Я снова был в лодке. В сером монотонном мире с плеском воды и склоненными деревьями.
Но я не был один.
Мама была в лодке со мной, сидела в конце, укутанная в шаль. Она смотрела на воду, словно меня тут и не было. Она не выглядела демоном. Она была такой, какой я ее помнил с детства — красивой женщиной с болью в темных глазах.
Было странно, что она так близко. Я все еще боялся, как и когда она была жива, ведь никогда не знал, что она скажет и сделает со мной. Я не знал, где мы были, но подозревал, что в Тонкой Вуали. Я не знал правил. Я умер? Теперь это моя жизнь? Она везла меня на лодке туда, откуда не вернуться?
Она снова запела о лодке, ее чистый голос льдом касался моей спины. Она спела всю песню, ее голос разносился над водой и возвращался к ней гармонией. Я помнил это о ней, порой она пела мне, когда не издевалась. Только теперь я понял, в кого у меня талант к пению.
— Деклан, тебе пора спать, — мягко сказала она, глядя на воду.
Я поежился от тревоги в густом сером воздухе, от ее пустого лица. Мне стоило что-то сказать ей? Я не хотел привлекать к себе внимание. Она вызывала во мне страх так, как никто не мог, даже когда выглядела нормально.
— Майкл в кровати, он засыпает, а ты? Почему ты всегда боишься, Деклан? Майкл что-то сказал тебе? Или я?
Я сглотнул и посмотрел за борт, чтобы понять, на что она смотрит.

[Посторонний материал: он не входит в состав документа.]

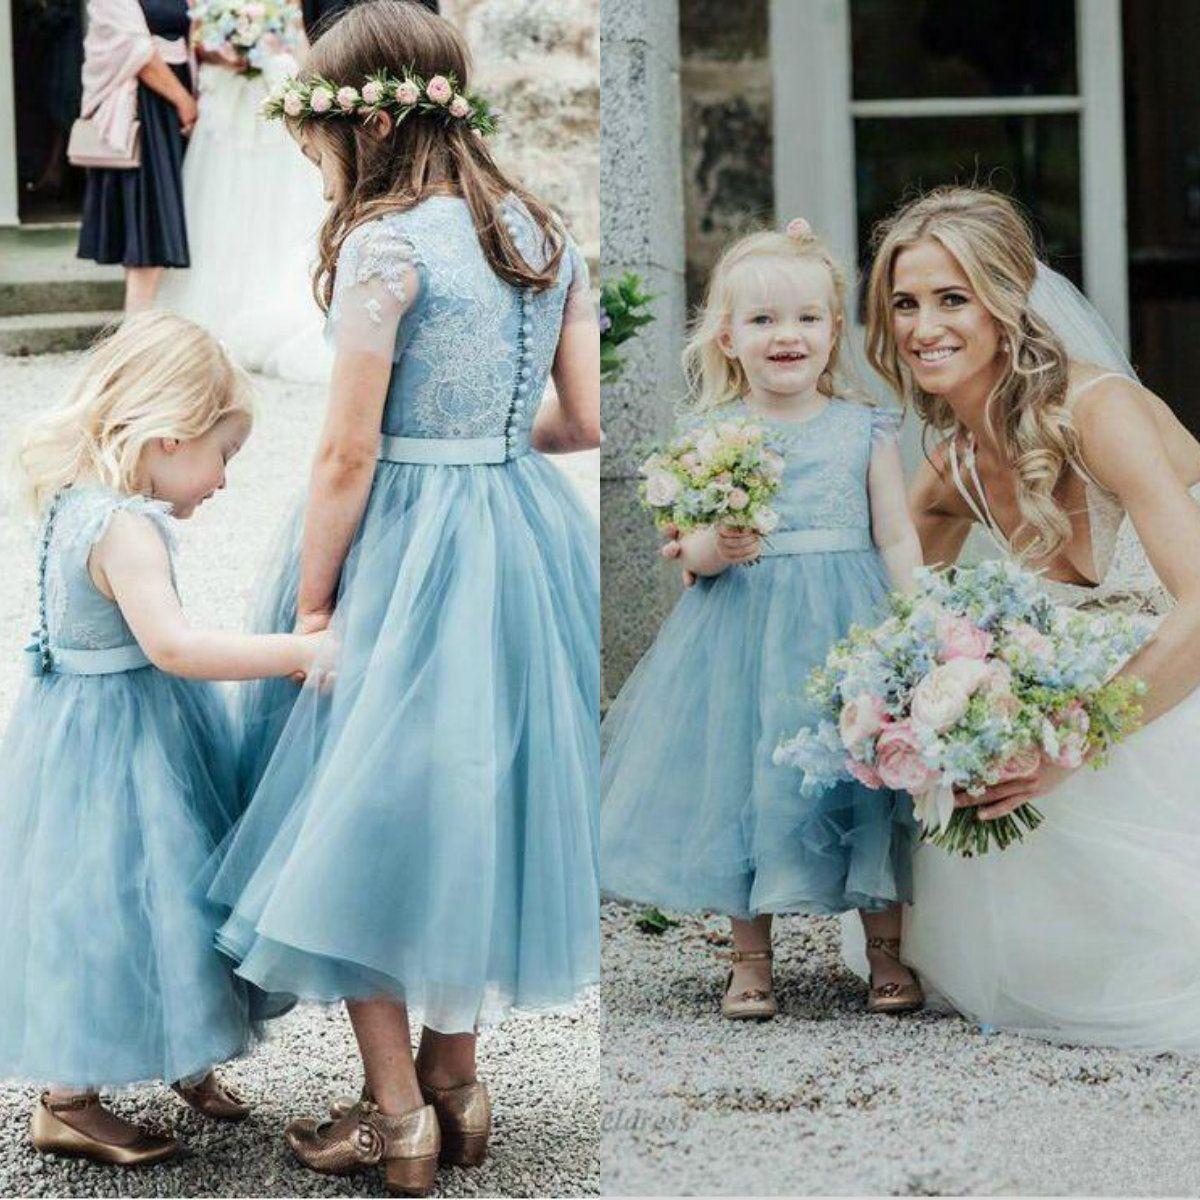 f03c2ed8284 Dusty Blue Flower Girl Dresses For Weddings Lace Cap Sleeves Tea Length  Buttons Back Tulle Girls First Communion Dress Flowergirl Dress Flowers  Girl Dresses ...
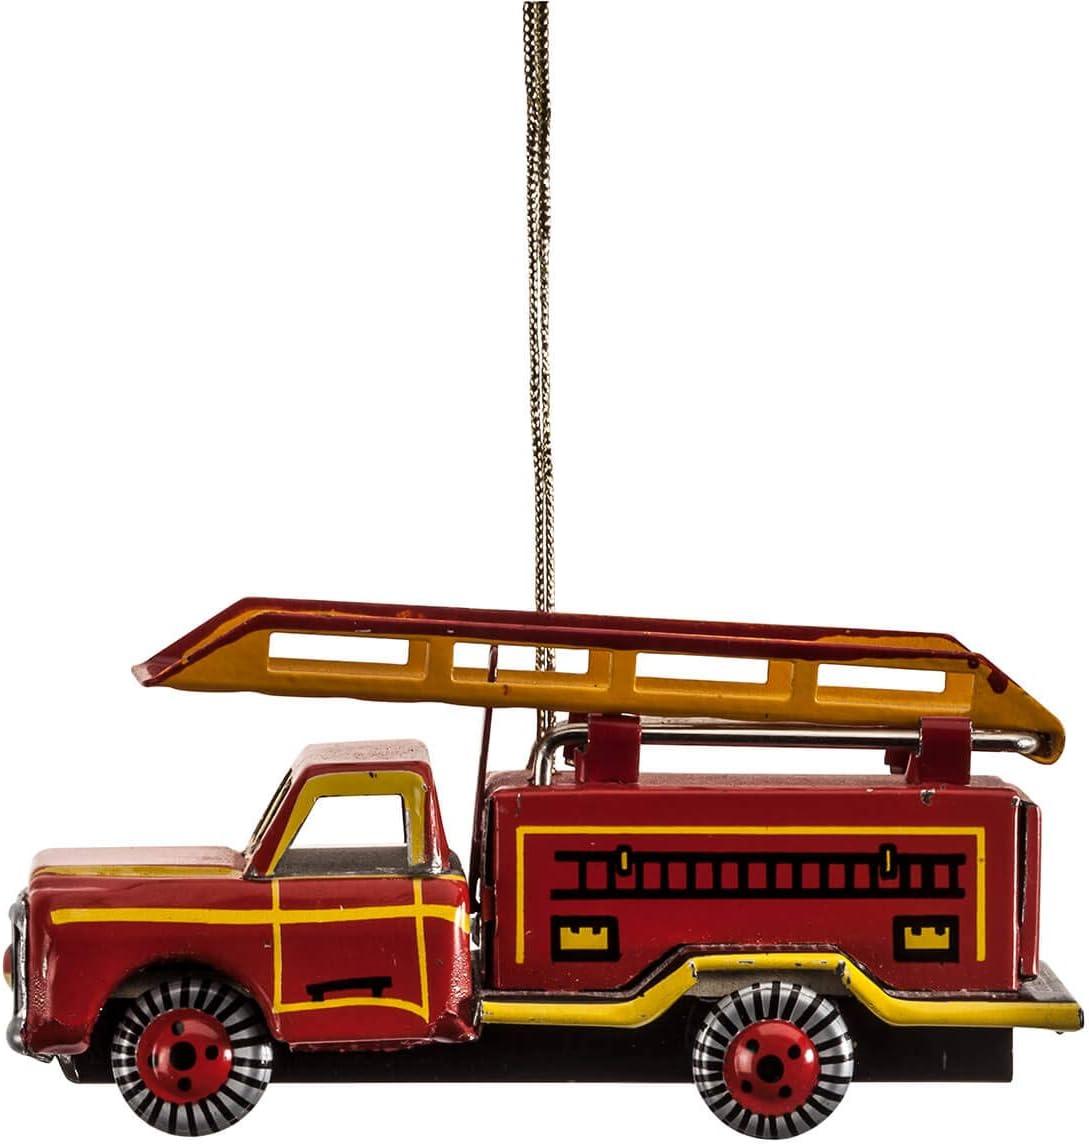 Alexander Taron AT3 Collectible Tin Ornament Red 1.5 H x 1.25 W x 3.25 D Fire Truck

Там лишь вода мерцала на солнце, которого я не видел.
Она печально улыбнулась, опустила ладонь в воду, коснулась поверхности. Я представил там младшую версию себя, отвечающую ей.
— Прости за то, что было вчера. Порой… я не в себе. Думаю, становится хуже. Но я все еще сильно тебя люблю. Ты должен это знать, мой сын. Я всегда буду тебя любить.
Комок застрял в горле. Я чуть не подавился. Глаза стали мокрыми.
Она продолжила со слезами на глазах:
— Прошу, помни это. Помни это. Помни хорошие дни. Мы с твоим отцом хотели тебя. Мы всегда будем твоими родителями. Мы вырастили тебя, а не оно. Ты наш ребенок, и больше ничей.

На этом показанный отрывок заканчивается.